OBJECTIVE: Kruppel Like Factor 15 (KLF15) has recently been shown to be critical for activation of proinflammatory processes in vascular smooth muscle and atherogenesis. Although KLF15 is abundantly expressed in vascular endothelium there is a significant lack of knowledge regarding the role of KLF15 in the regulation of vascular endothelial function. Here we tested the hypothesis that KLF15 is a critical regulator of Arg2 transcription in hypoxia exposed human pulmonary microvascular endothelial cells (HPMEC) and that it plays critical role in pathogenesis of pulmonary hypertension (PHTN).

DESIGN AND METHOD: Overexpression and Knockdown of KLF15 in HPMEC was acheived by transducing cells by adenoviruses encoding KLF15 cDNA and shRNA respectively. Pulmonary endothelial dysfunction was assessed by determining a. Nitric Oxide release by Siever's NO analyzer, b. superoxide production by luminol based chemiluminescence and c. acetylcholine dependent pulmonary artery relaxation measured by wire-myography. Interaction between Arg2 promoter and KLF15 was determined by Chromatin immunoprecipitation.

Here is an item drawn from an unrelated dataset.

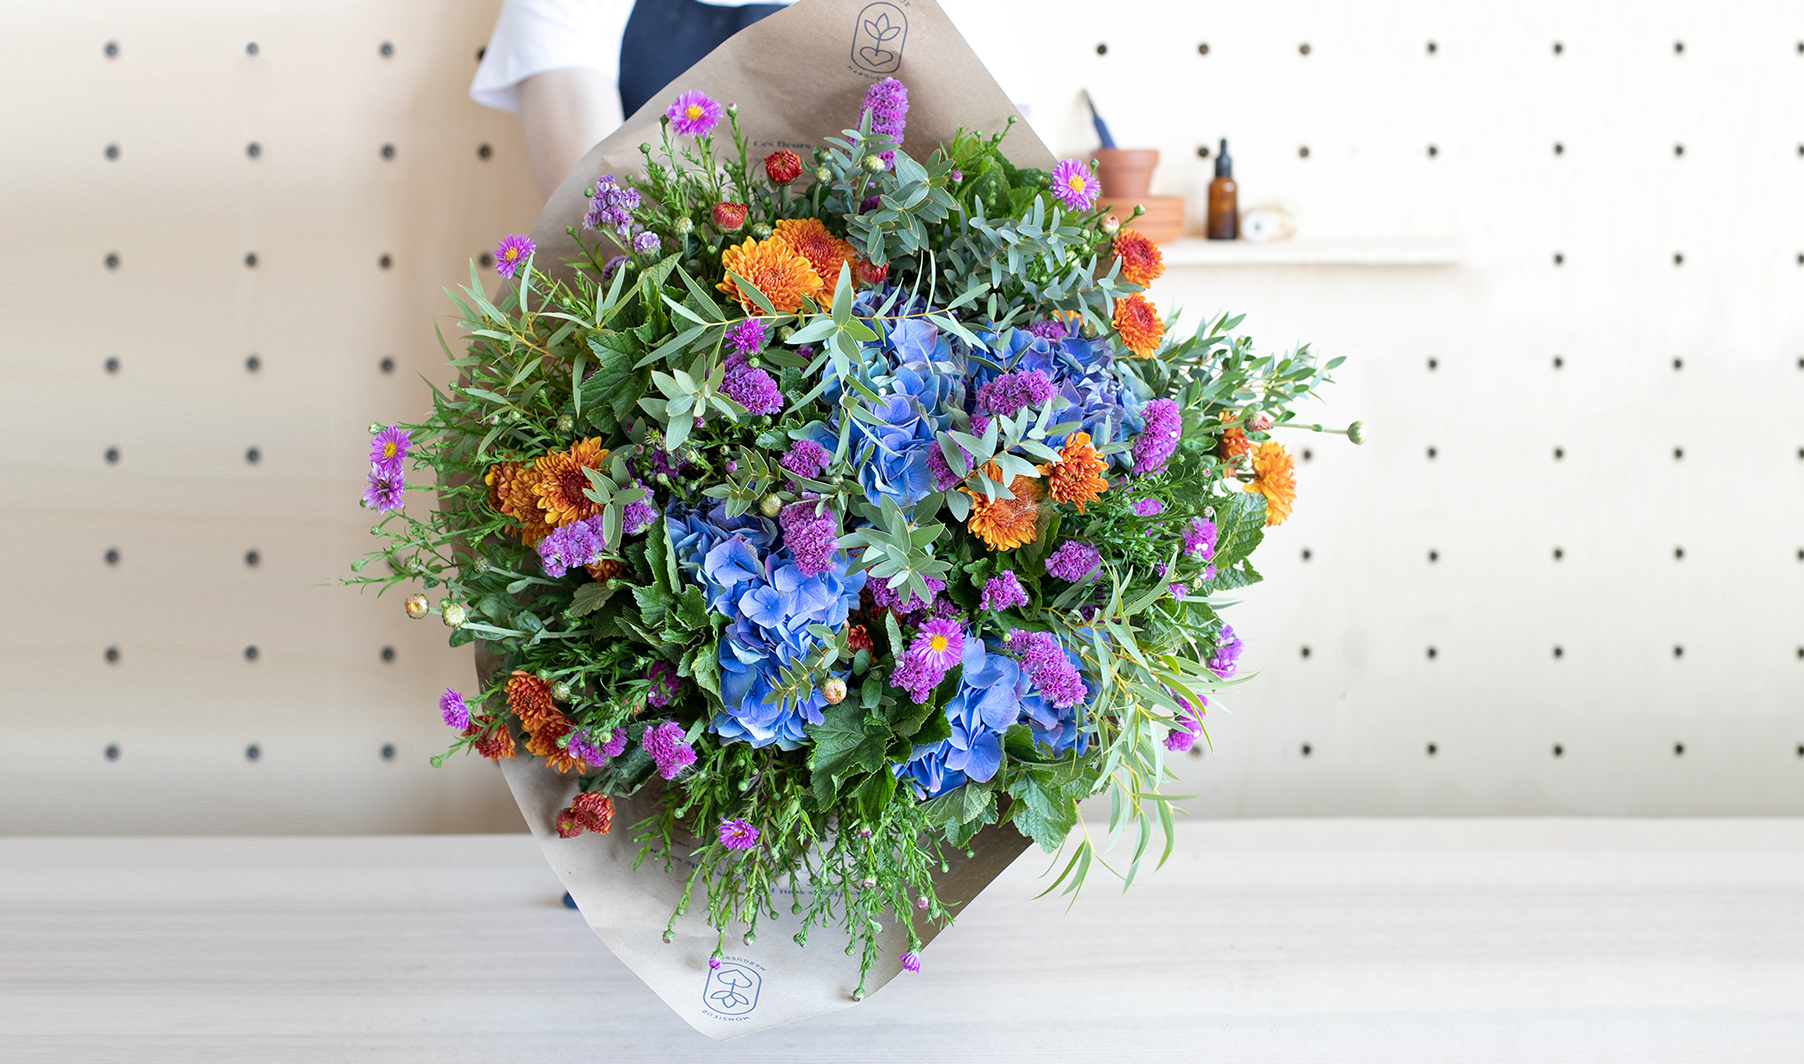 Le bouquet surprise de fleurs fraîches et de saison, livré chez vous au jour de votre choix.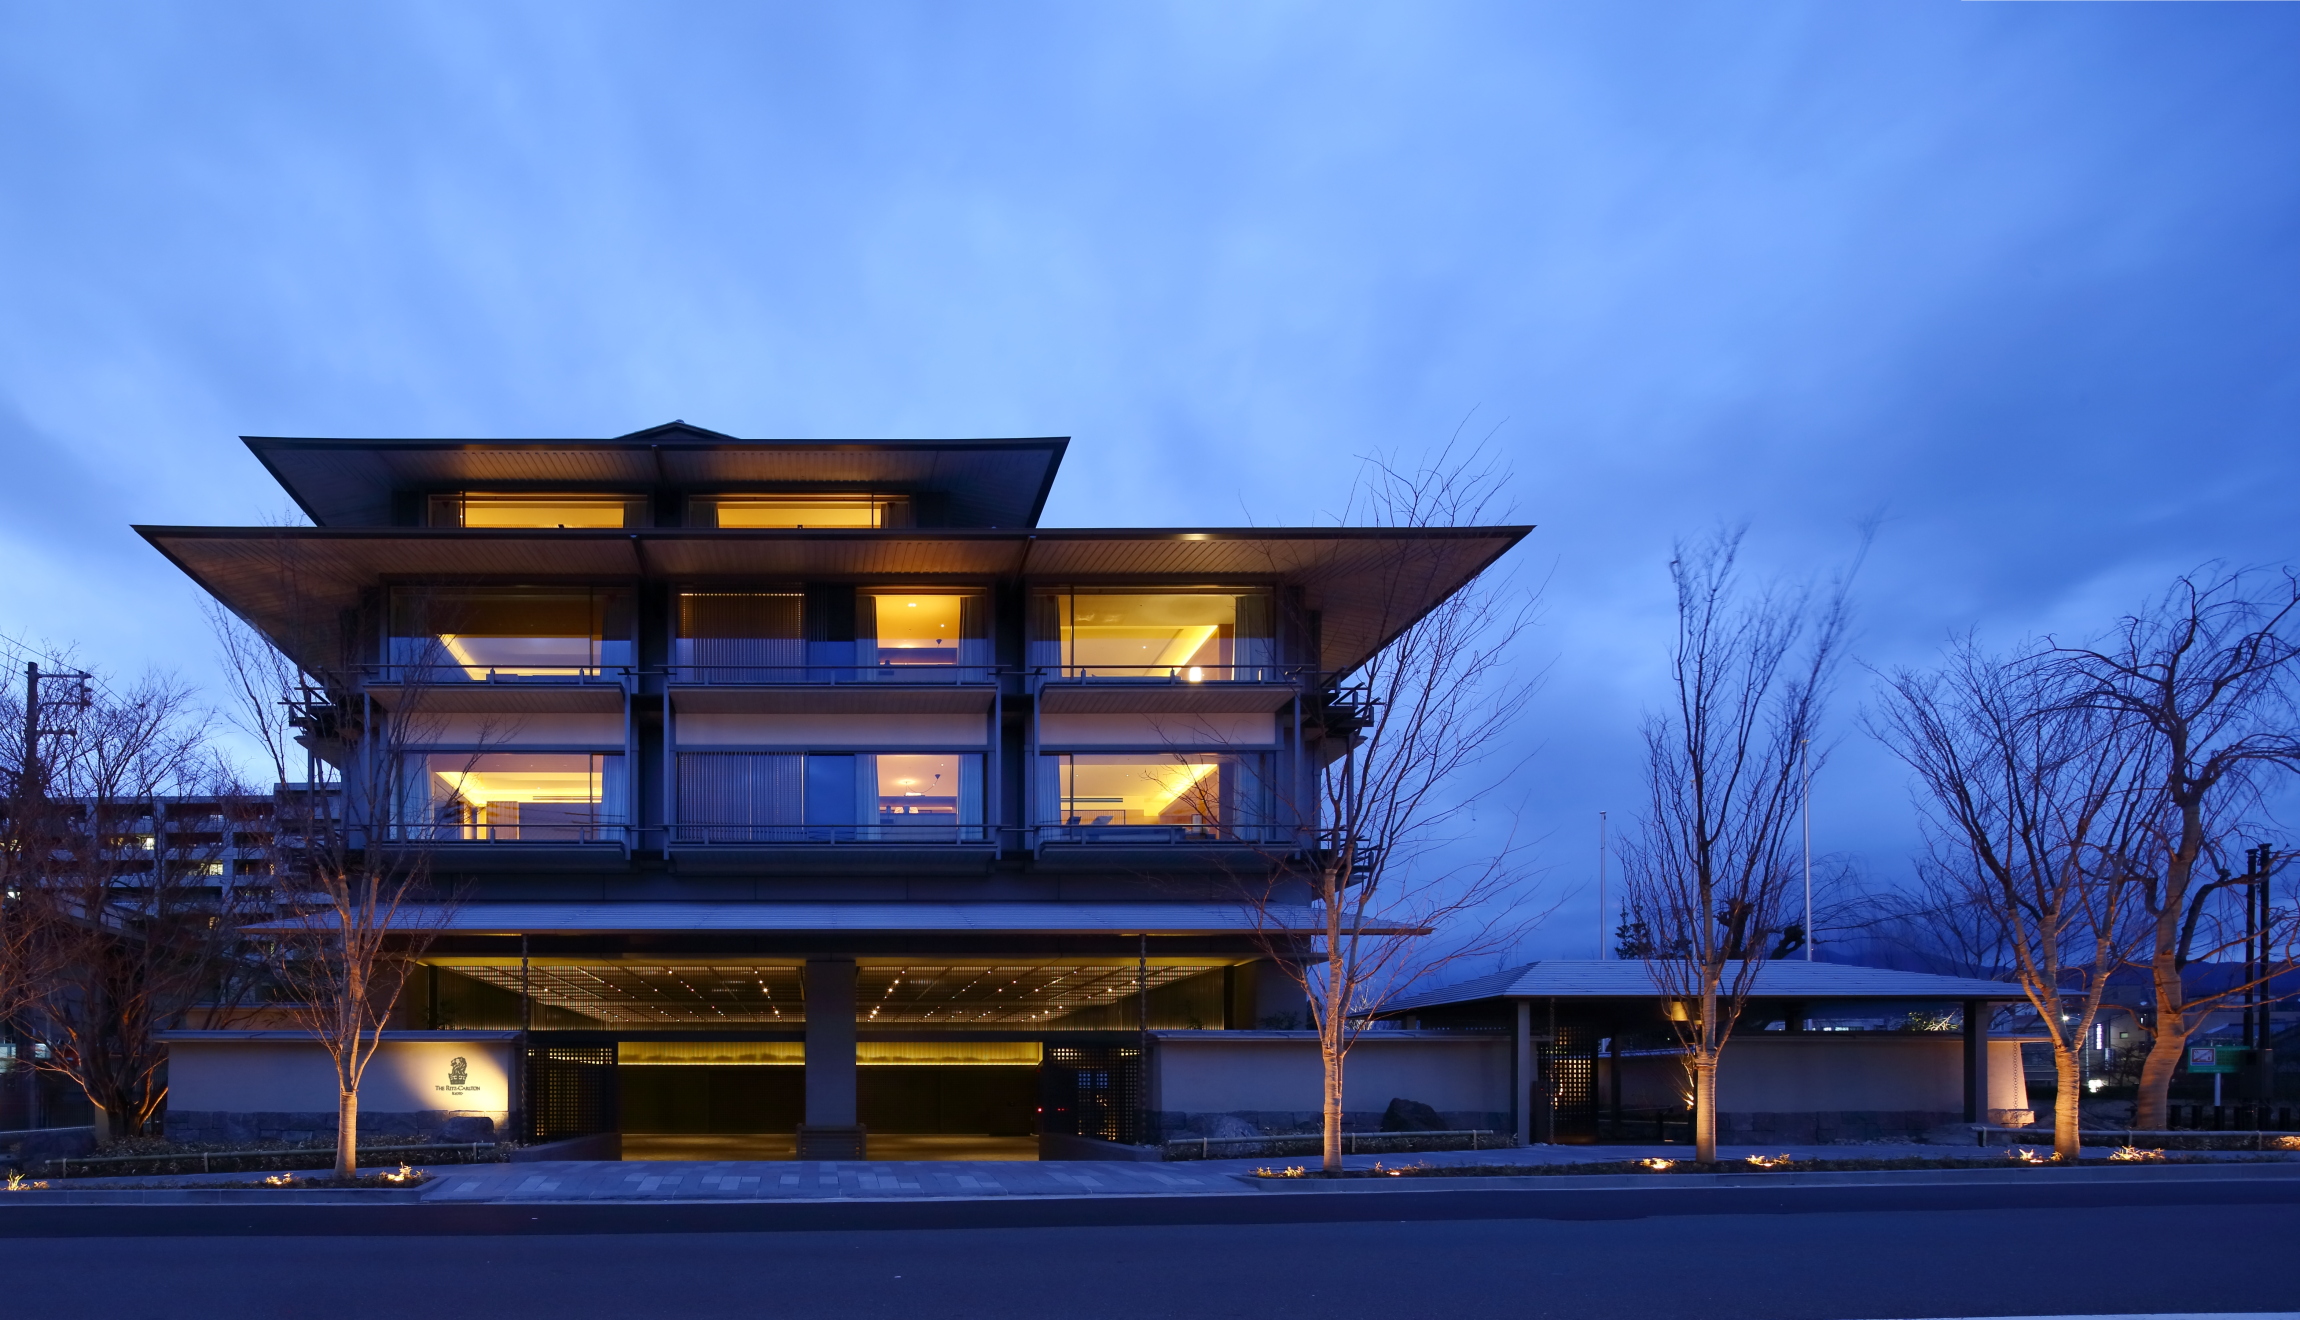 日本京都安缦酒店-Kerry Hill Architects-宾馆酒店建筑案例-筑龙建筑设计论坛

RESULTS: Increased expression of KLF15 in human pulmonary microvascular endothelial cells (HPMEC) and in rat pulmonary arteries decreased Arg2 mRNA, protein, and activity. HPMECs exposed to 48 hours of hypoxia, a potent stimulus for PHTN, exhibited a robust increase in Arg2 protein and mRNA expression and a reciprocal decrease in KLF15 protein levels that remain sustained after 24 hours of reoxygenation. ChIP assay indicated direct binding of KLF15 to the Arg2 promoter, which was relieved when HPMEC were exposed to hypoxia, Finally, overexpression of KLF15 reversed hypoxia-induced augmentation of arginase activity and decrements in Nitric Oxide production in HPMEC, and also reversed hypoxia-induced endothelial dysfunction in isolated rat pulmonary artery rings.

CONCLUSIONS: KLF15 is a critical regulator and repressor of endothelial Arg2 expression, and thereby, NO and pulmonary endothelial function. Overexpression or activation of KLF15 may represent novel therapeutic strategies for pulmonary hypertension.